PROBLEM DETAILS: All the data below goes into the copy word for word, but the pictures don't.

Stored entries
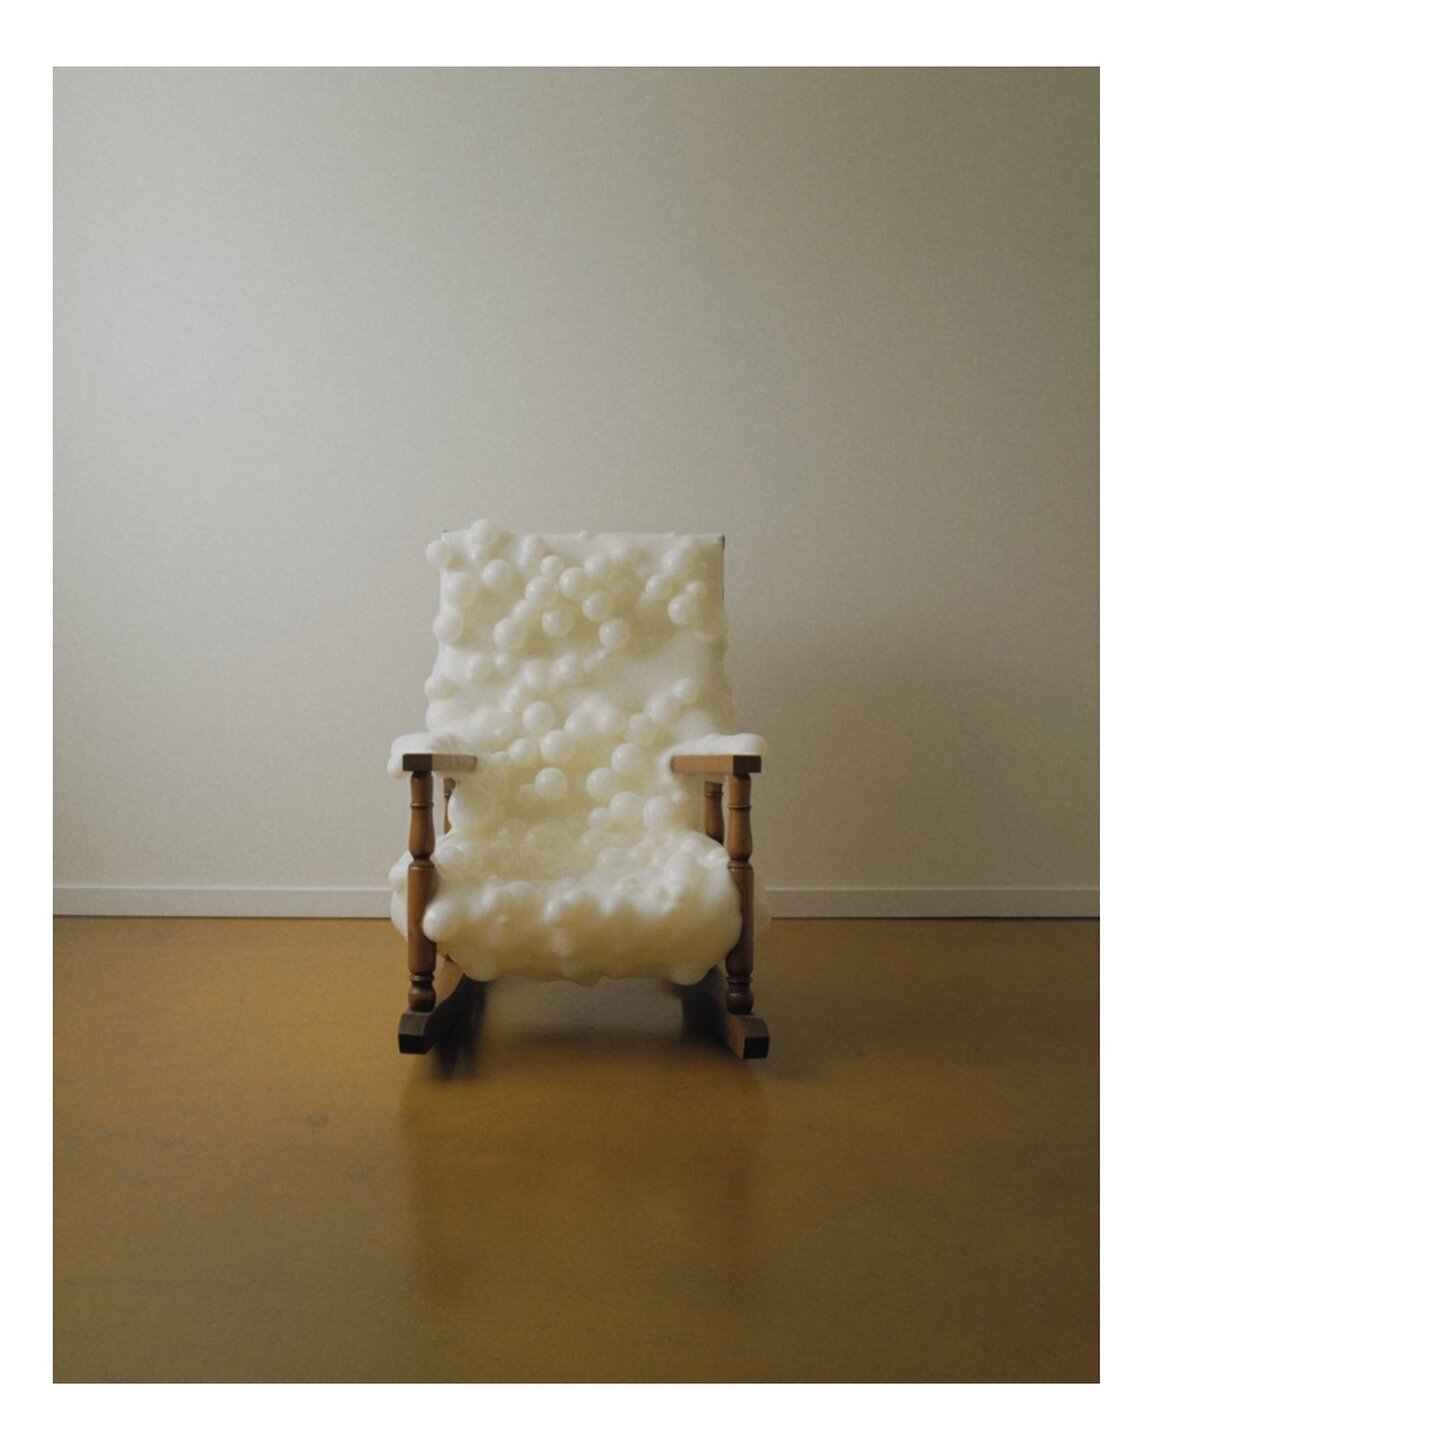 ARTIF |  Effervescent Rocking Chair
.
.
A creative concept based on the Brutalist Rocking Chair
@elisapesch__
.
.
.
.
.

#vintagefurniture #vintage #interiordesign #brutalism #midcenturymodern #midcentury #midcenturyfurniture #antiquefurniture #mcm #

ANSWER BOX:
 ARTIF |  Effervescent Rocking Chair
.
.
A creative concept based on the Brutalist Rocking Chair
@elisapesch__
.
.
.
.
.

#vintagefurniture #vintage #interiordesign #brutalism #midcenturymodern #midcentury #midcenturyfurniture #antiquefurniture #mcm #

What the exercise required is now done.